**Brief**. Images aside, the whole listing should be written out word for word.

**Recorded information**.
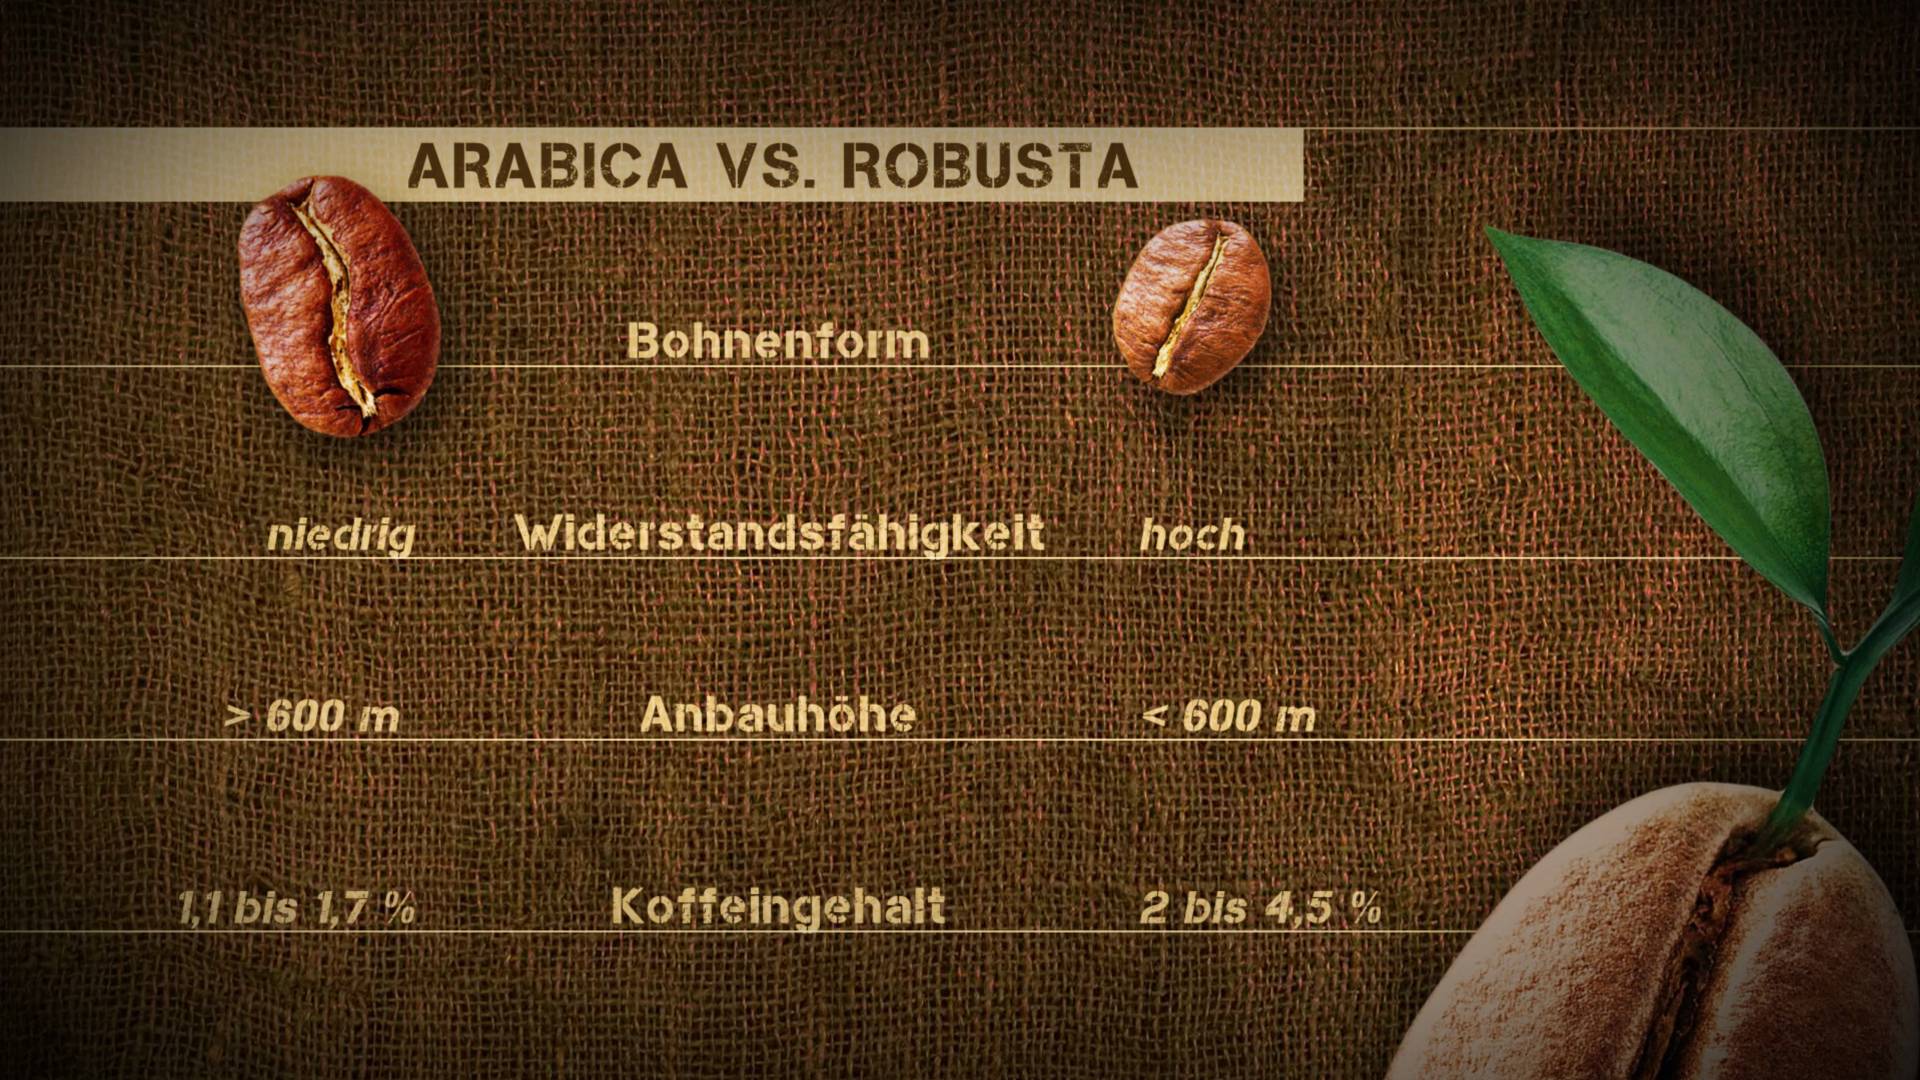 Graphic – comparison of coffee types Arabica vs Robusta
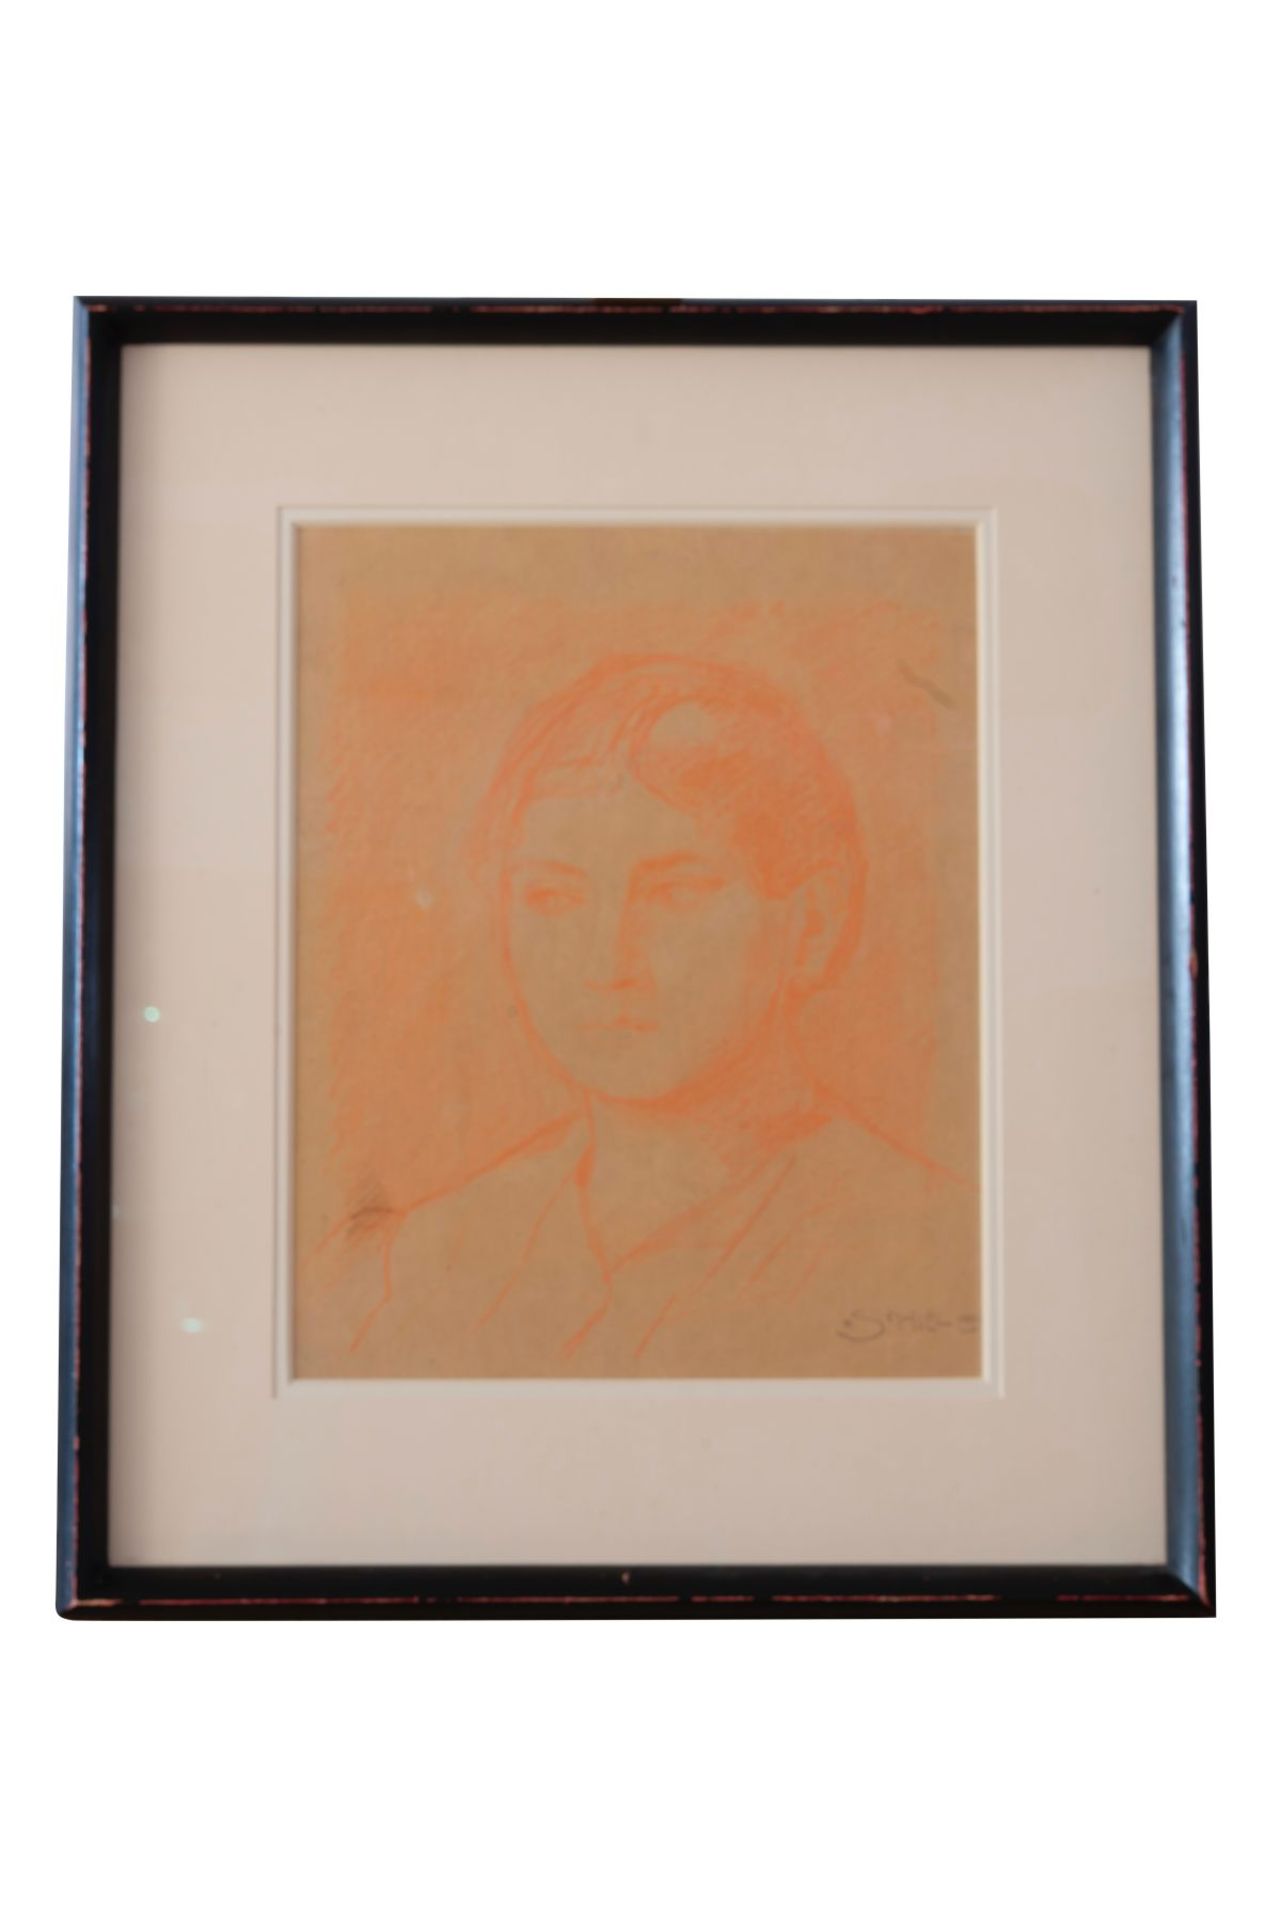 Egon Schiele "Rötelzeichnung" "Frauenporträt" signiert "Schiele" unten rechts, Rötelzeichnung auf
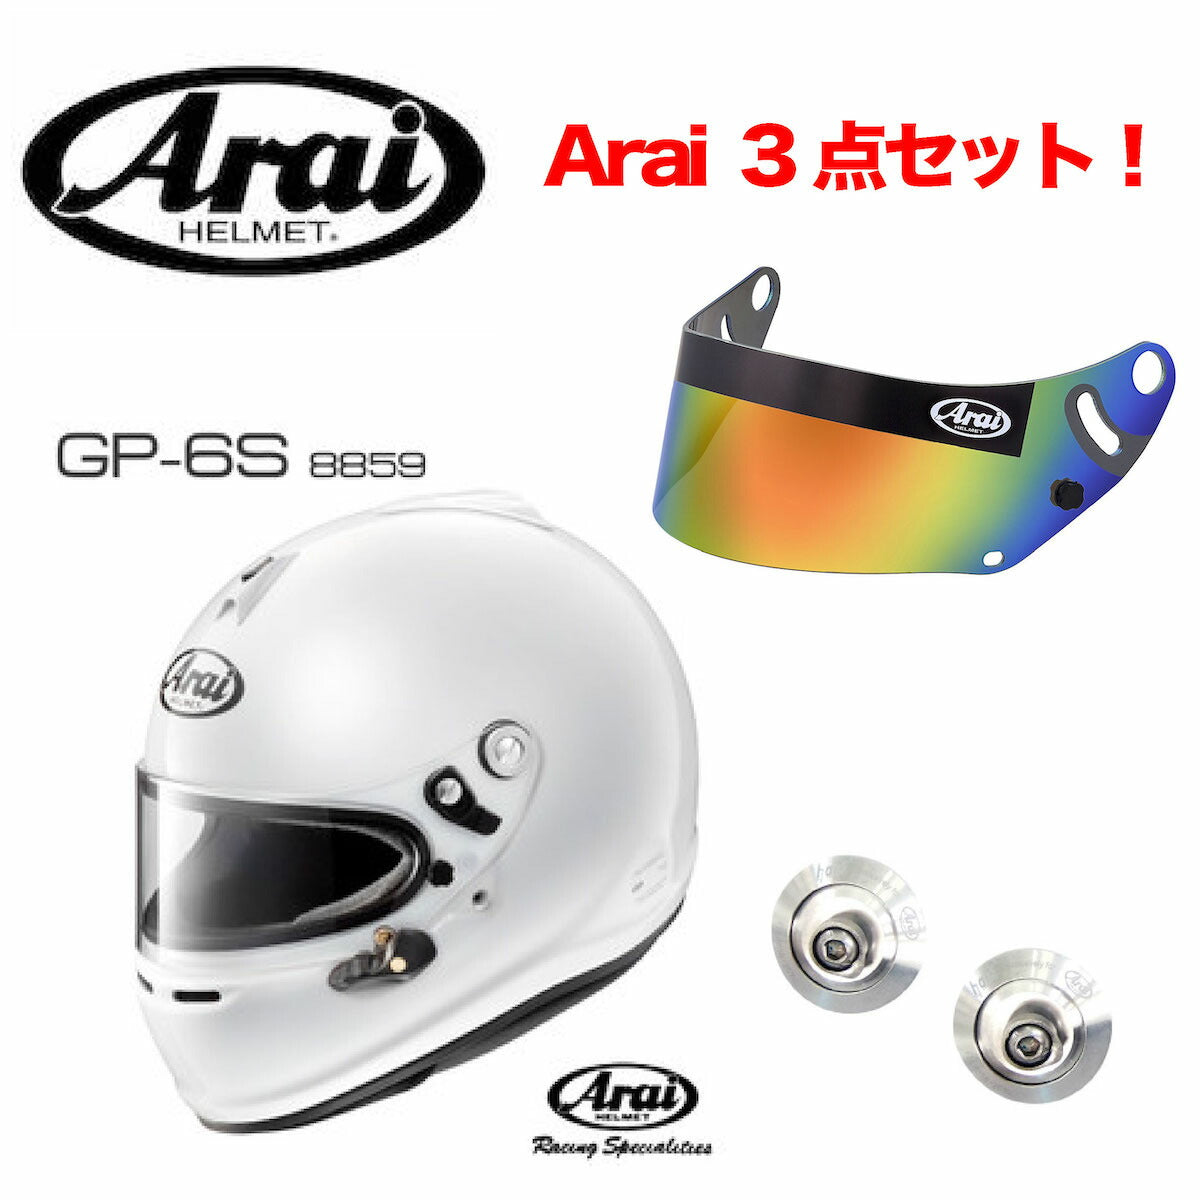 Arai GP-6S フルフェイス ヘルメット
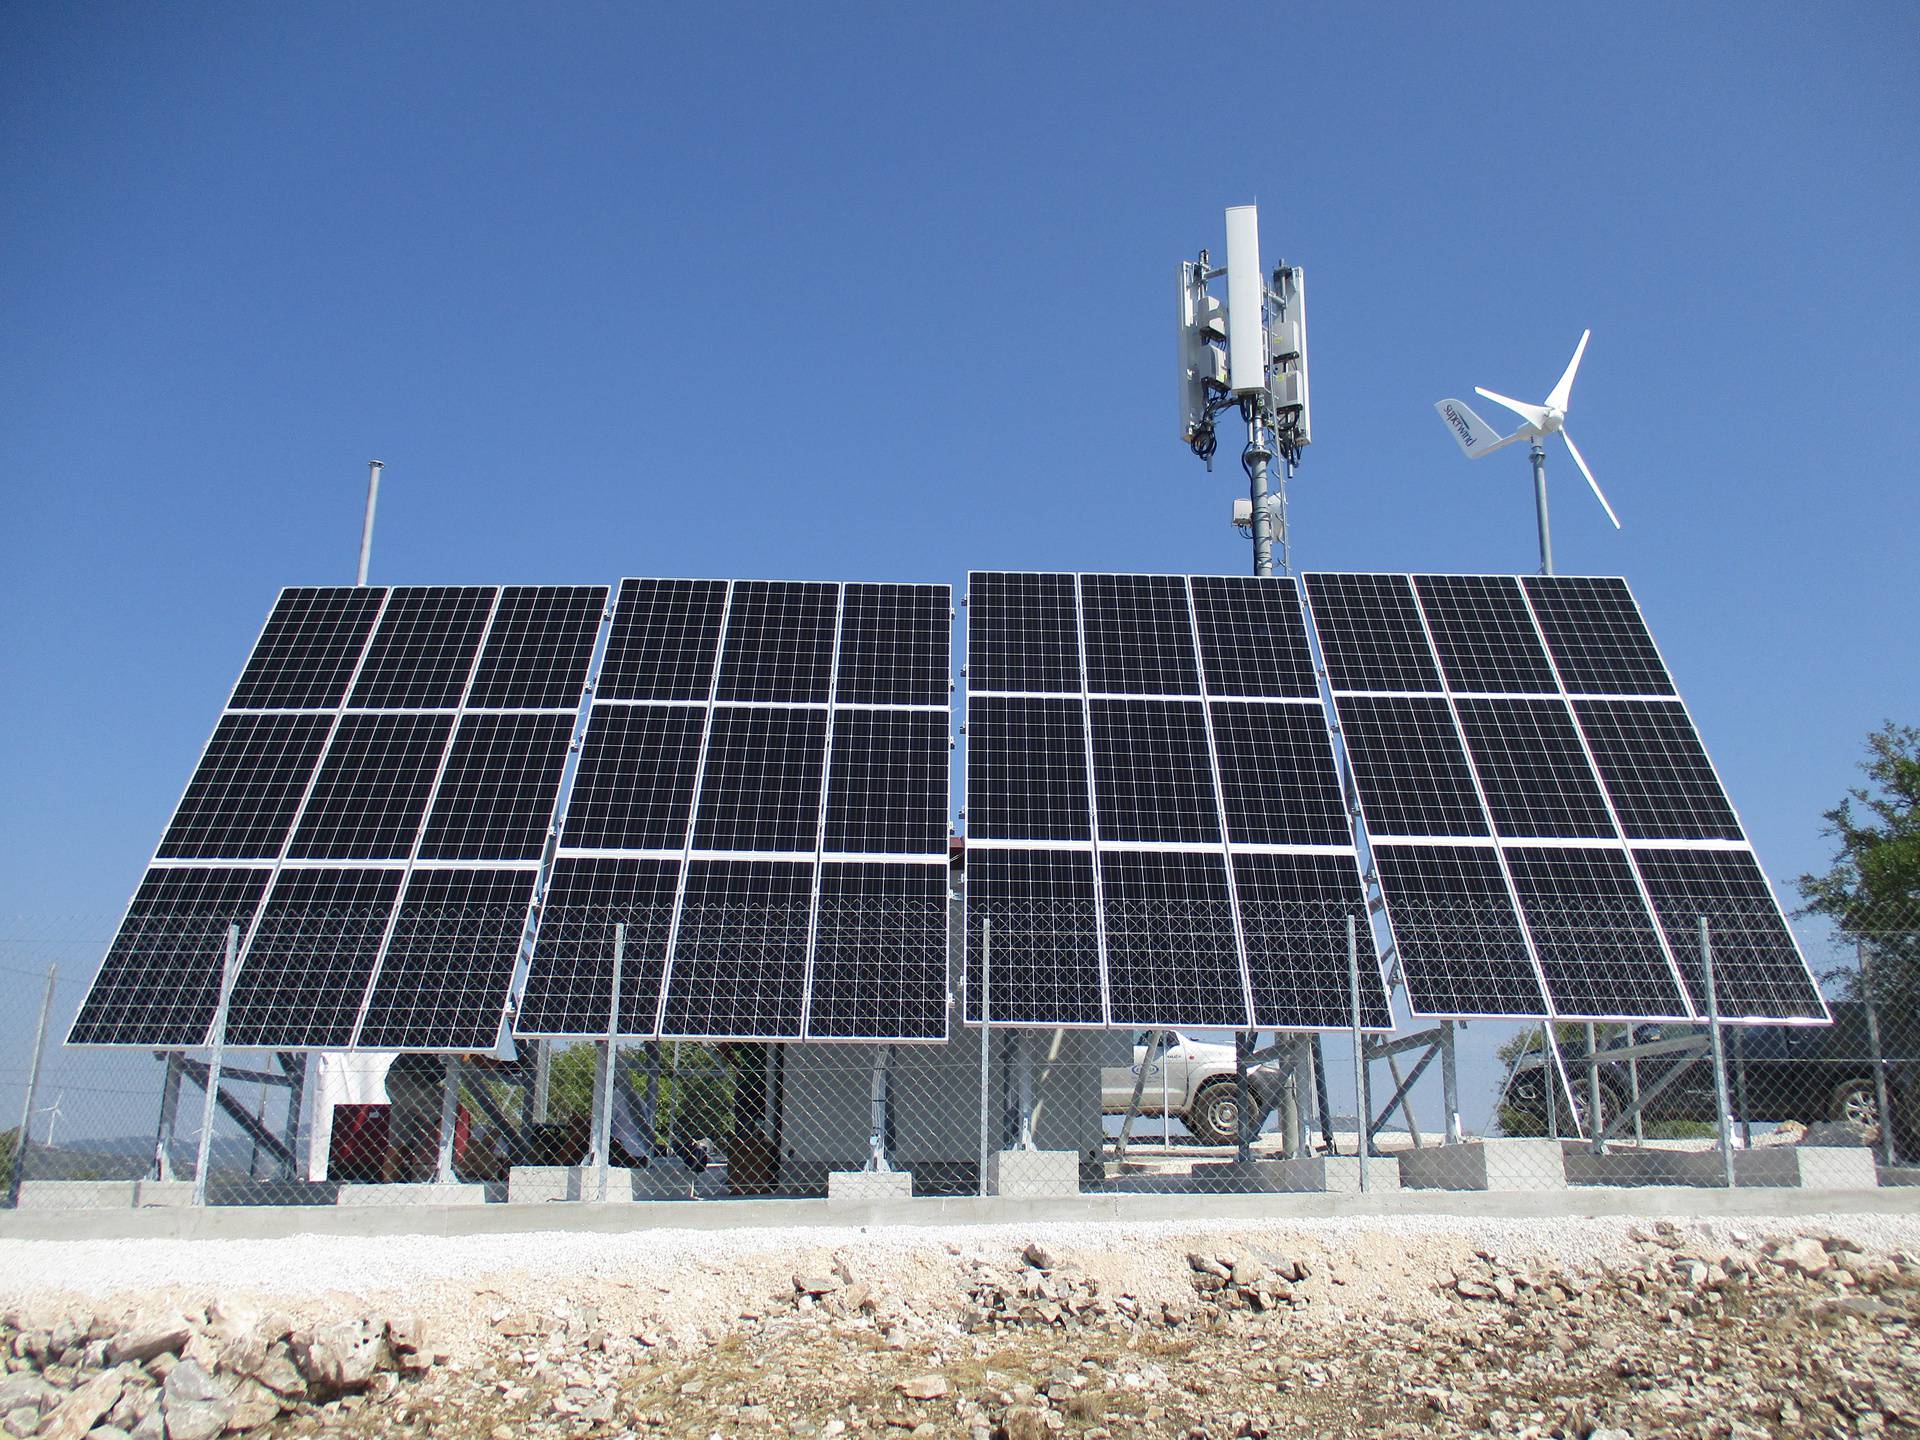 A1 ulaže 16,2 milijuna kuna u 120 solarnih elektrana kako bi smanjili svoj utjecaj na klimu

**The completed task**.
 Graphic – comparison of coffee types Arabica vs Robusta
 Egon Schiele "Rötelzeichnung" "Frauenporträt" signiert "Schiele" unten rechts, Rötelzeichnung auf
 Arai GP-6S フルフェイス ヘルメット
 A1 ulaže 16,2 milijuna kuna u 120 solarnih elektrana kako bi smanjili svoj utjecaj na klimu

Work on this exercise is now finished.